P1050822On revient sur nos pas, rue Letort. Voilà une enseigne de toute beauté, avec ses lettres en relief, et ses beaux carreaux rouges. Goulet-Turpin était une épicerie. Si la façade est inchangée, le lieu accueille aujourd’hui le Mila, un pôle de soutien aux entreprises du domaine musical.

P1050828Et cette boutique là, n’est-elle pas merveilleuse ? « Rapid’service, tout pour l’électricité ». Située rue Damrémont, elle est toujours ouverte. On peut y acheter des ampoules.
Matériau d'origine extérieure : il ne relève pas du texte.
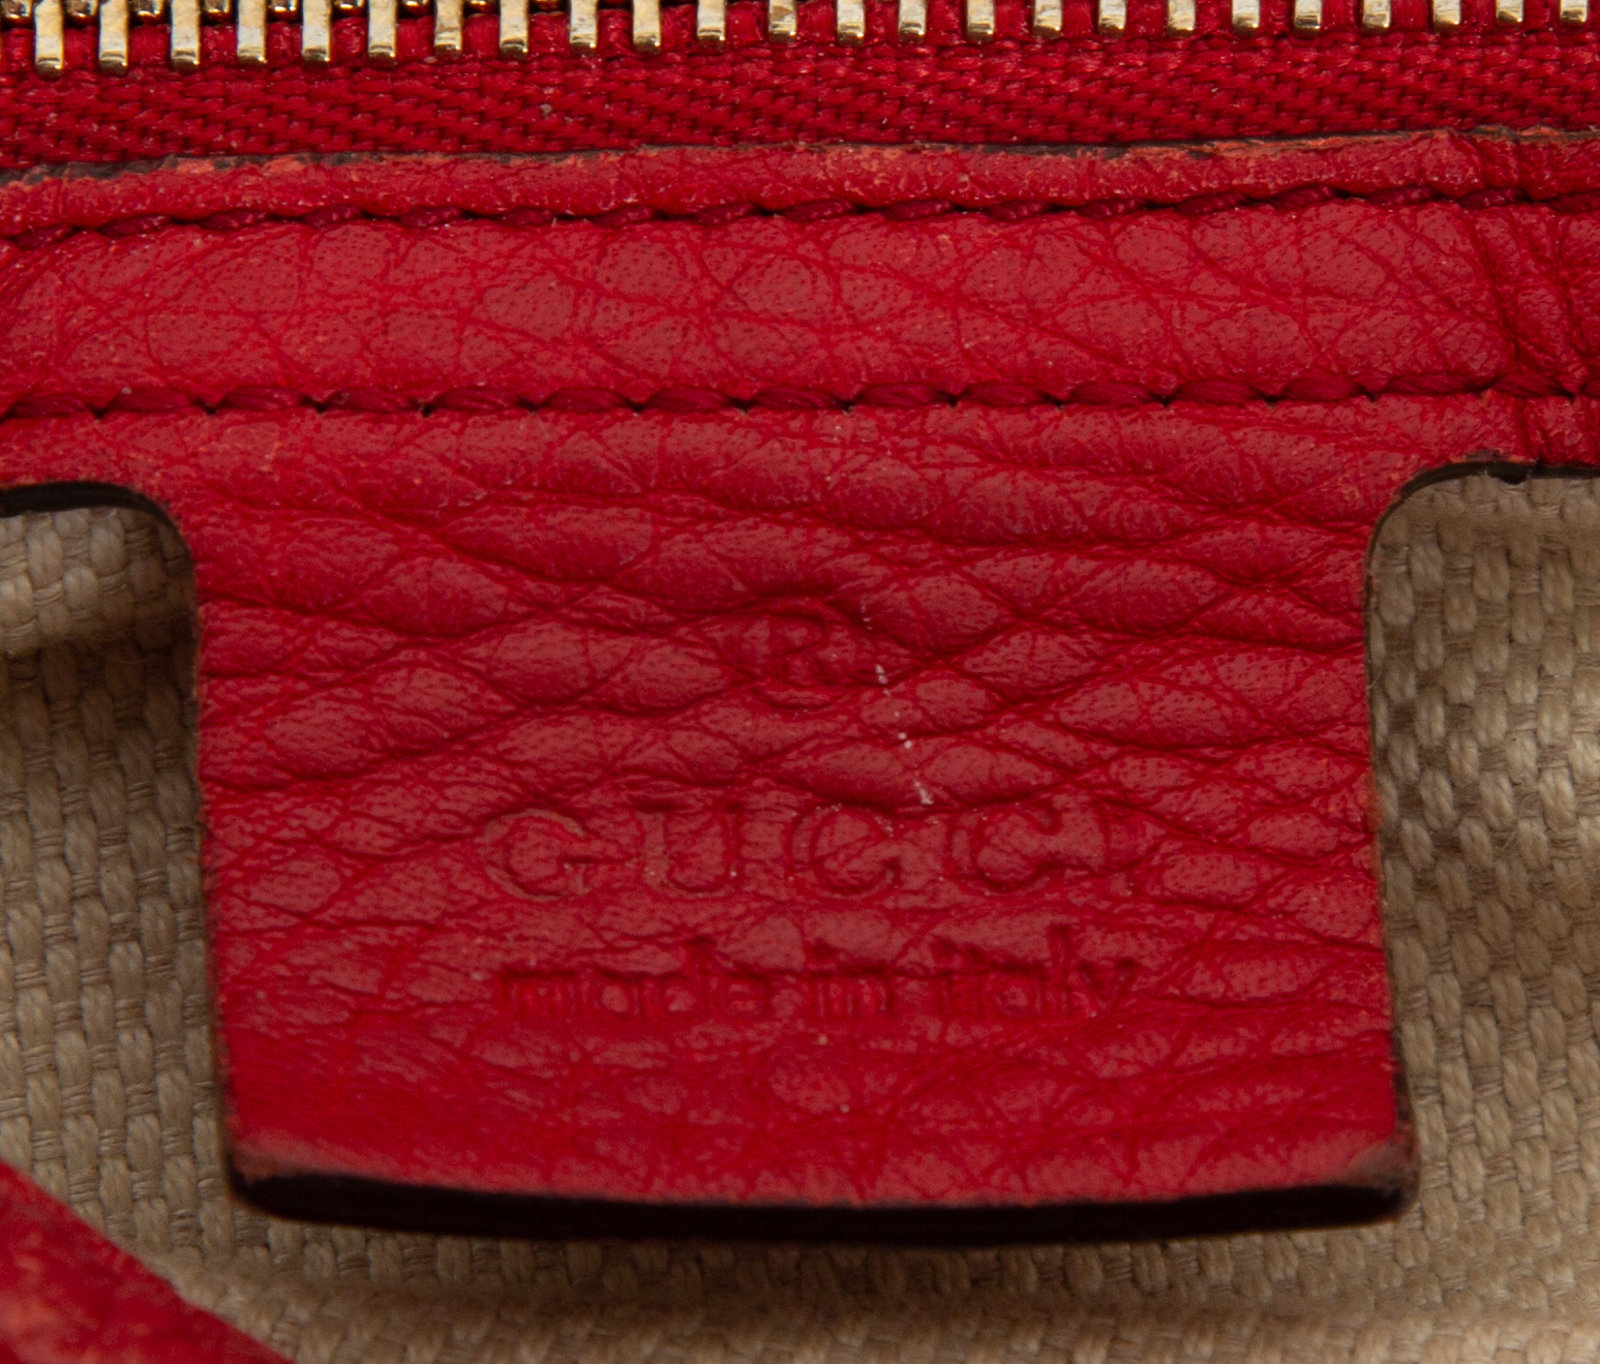 GUCCI Soho Pebbled Leather Hobo Shoulder Bag Red 282304

Je pense que rien n’y a été changé depuis les années 60 ou 70. Je l’adore, et j’espère qu’elle sera encore là longtemps.

P1050833Cet ex-café fait l’angle de la rue Feutrier et de la plutôt branchée rue André-Del-Sarte. Bizarre que dans ce coin assez fréquenté des noctambules, il n’y ait pas eu de repreneur. Trop de concurrence, peut-être ?
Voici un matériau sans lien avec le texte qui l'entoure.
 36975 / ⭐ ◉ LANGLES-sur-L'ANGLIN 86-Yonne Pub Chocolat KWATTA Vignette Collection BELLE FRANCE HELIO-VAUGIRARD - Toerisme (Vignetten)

P1050836Cette devanture là est superbe, quand même, non ? Avec la verrière au-dessus et cette belle typo ancienne, du temps où le lieu était un magasin de « photo couleurs » dans la rue Ramey (qui devient elle aussi assez branchée). C’est évidemment devenu une agence immobilière. Elle a pris la place d’un magasin de jouets « vintage », Ouistiti pop (j’aimais bien ce nom).
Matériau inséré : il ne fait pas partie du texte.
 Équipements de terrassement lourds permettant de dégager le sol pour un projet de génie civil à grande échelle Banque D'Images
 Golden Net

P1050838Alors-là, attention, curiosité. Rue du baigneur, on trouve cette extraordinaire devanture, toute en mosaïque. Il n’y a plus de poissons ici, mais des œuvres artistiques. Le rideau de fer est toujours fermé, quand je passe devant. Un lieu doublement fantôme, donc.

P1050842Rue de Clignancourt, le bar « Le Ruthénois » affiche sa désolation de façon criante (« Désolation !!!! »). Plus personne ne boit ici, ne fume ne rigole ou ne s’engueule. Le Ruthénois est coi.

P1050840 Et dans cet hôtel, plus personne ne dort (ou alors, c’est qu’il y a un truc qui déconne). A part les parpaings de ciment qui condamnent les fenêtres. Cela fera sans doute à terme de beaux appartements pour la nouvelle « gentry », qui embourgeoise ce coin du 18ème et veut en faire un endroit calme et prospère. Mais le 18ème ne peut pas être calme et prospère.

P1050849Cette photo du café « Le Sarment », rue Marcadet, a été prise avant sa rénovation. Le café y était atroce (aussi mauvais que dans les restaurants asiatiques, il faudra un jour que je me penche sur le pourquoi du comment de cette situation), mais la terrasse parfaite pour bouquiner au soleil. Aujourd’hui, finis les vestiges des années 60 et 70, le lieu a été refait entièrement pour devenir un café à la mode. Il n’a conservé que son nom. J’y ai bu un coup l’autre jour, à côté d’un vieux monsieur, s’escrimant sur un ordinateur portable, et qui était le sosie de Stéphane Hessel.

P1100258Non, il n’y a plus rien de chic, ni de sport, dans cette boutique, à deux pas de chez moi, rue Duhesme. A côté, on peut apercevoir un ancien vidéo club, du temps où les gens louaient encore des DVD et des cassettes. C’était il y a une éternité.

P1100256Finissons avec un morceau de bravoure : l’ancienne gare Ornano, sise à la Porte de Clignancourt. Elle fut une gare quand des trains circulaient encore sur les rails de la Petite ceinture. Le lieu est en charpie, et je suis sûr que 99% des gens qui passent devant ignorent ce qu’elle fut. Mais le lieu sera rénové par l’équipe de La Recyclerie, pour devenir un restaurant, bar, vide-grenier, etc. (idem pour la gare de Saint-Ouen, qui n’est pas à Saint-Ouen). Pour l’instant, ce sont les très « hype » food-trucks (des sortes de baraques à frites version parisiano-branchée) qui officient, sur la plate-forme à l’arrière, le long de la rue Belliard. Le lieu est fermé depuis 1934.

P1100254P1100255Voilà, la balade est terminée pour aujourd’hui. J’aurais pu ajouter encore pas mal de photos, évoquer plein d’autres endroits, de devantures à l’abandon, ou conservées telles quelles. Ce sera pour une autre fois, pour peu que ce blog n’ait pas lui-même rejoint un quartier lointain de la Toile.